Title :
Computation and Communication Aware task graph Scheduling on multi-GPU systems
Author :
Wang, Yun-Ting ; Lee, Jia-Ying ; Lai, Bo-Cheng Charles
Author_Institution :
Dept. of Taiwan Semiconductor Manufacturing Co., Hsinchu, Taiwan
Abstract :
GPUs have emerged as popular throughput computing platforms due to the massively parallel computing capability and low cost. To attain further performance enhancement beyond single GPU, there is a growing interest in exploiting systems with multiple GPUs. Attaining superior performance in a multi-GPU system involves three main design challenges, namely load balance, memory utilization, and data transfer. Imbalanced loading across a system could cause idling of GPUs while poor data reuse would trigger excessive memory accesses. The inefficient data transfer between a host and a device becomes a considerable performance overhead during high throughput computing. This paper aims at addressing the above design issues by proposing a Computation and Communication Aware task graph Scheduling (CCAS) for multi-GPU systems. The proposed scheduling approach (CCAS) adopts an effective heuristic algorithm that considers both data reuse and load balance in a multi-GPU system. The data transfer overhead is hidden by extensively overlapping computation and data communication.
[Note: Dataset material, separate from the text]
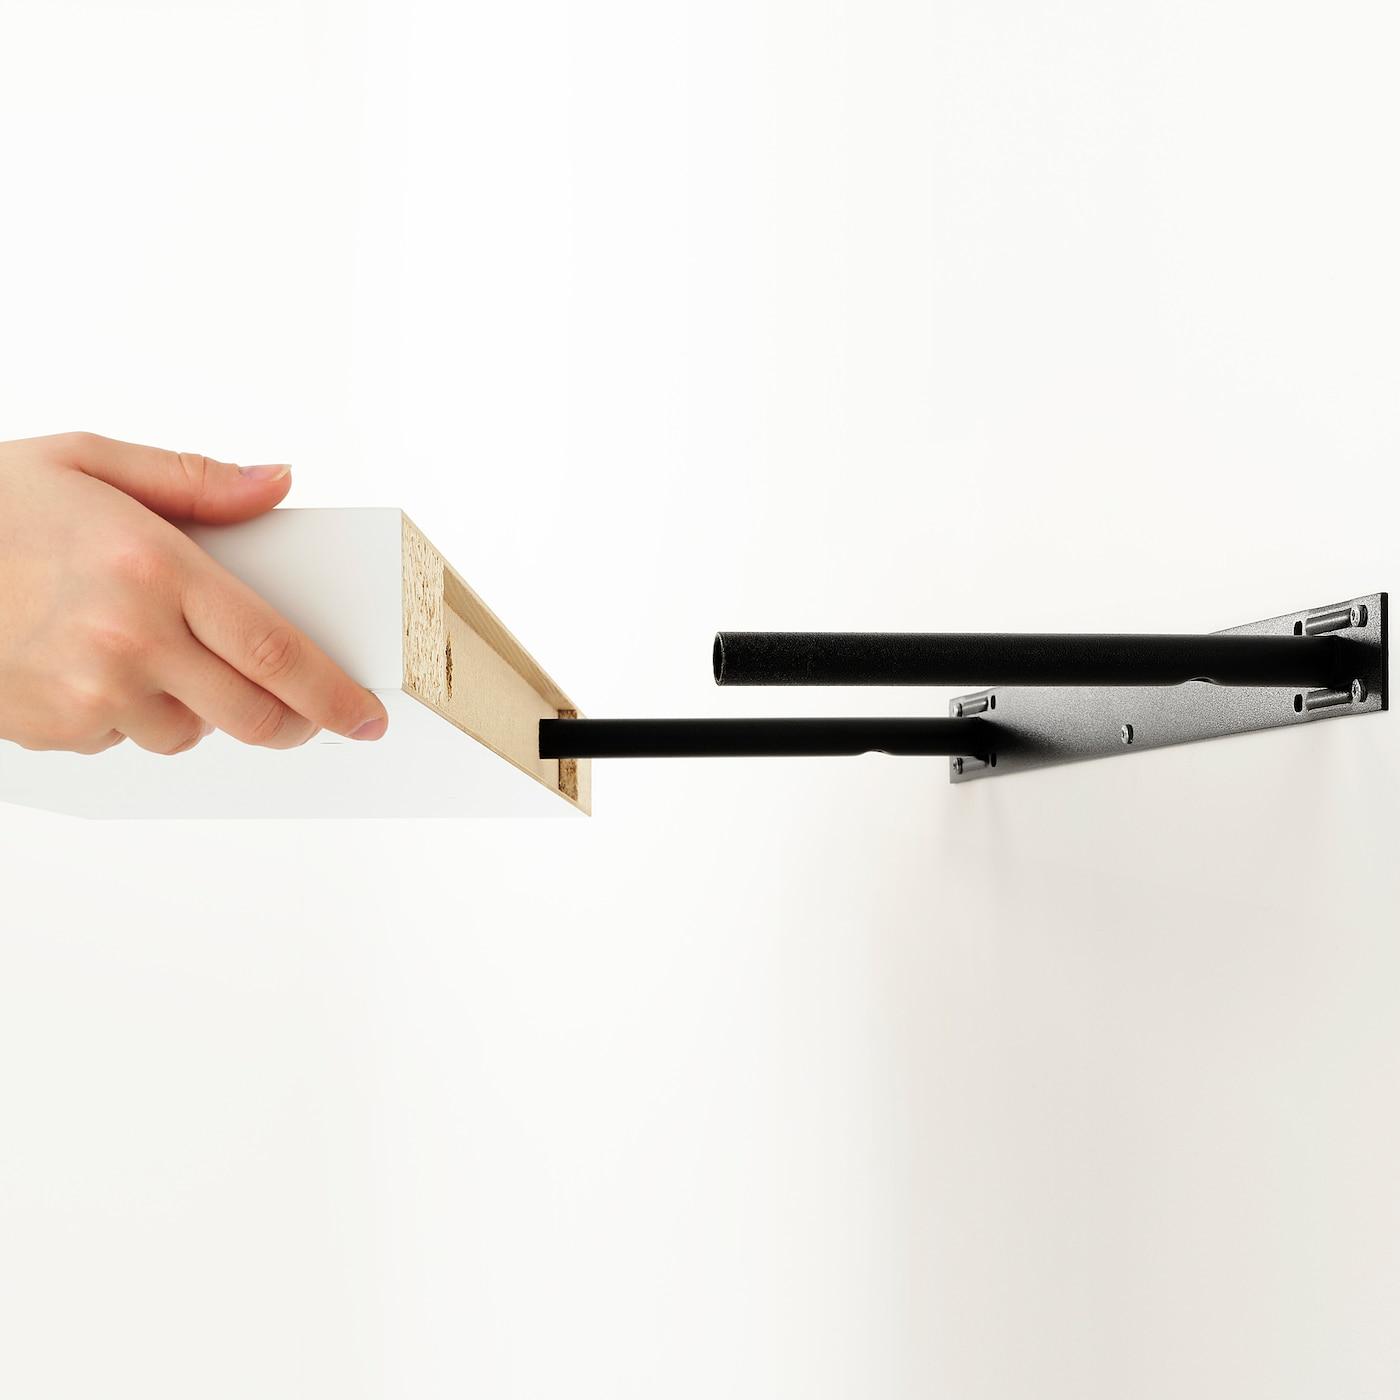 Lack Wandplank Wit 110x26 Cm Ikea

The experimental results of the proposed CCAS have demonstrated an average of 22.15% performance enhancement when compared with a previous work.
Keywords :
Data transfer; Graphics processing units; Kernel; Performance evaluation; Processor scheduling; Scheduling; Throughput; GPUs; Scheduling; Task Graph;
Conference_Titel :
Digital Signal Processing (DSP), 2015 IEEE International Conference on
Conference_Location :
Singapore, Singapore
DOI :
10.1109/ICDSP.2015.7251841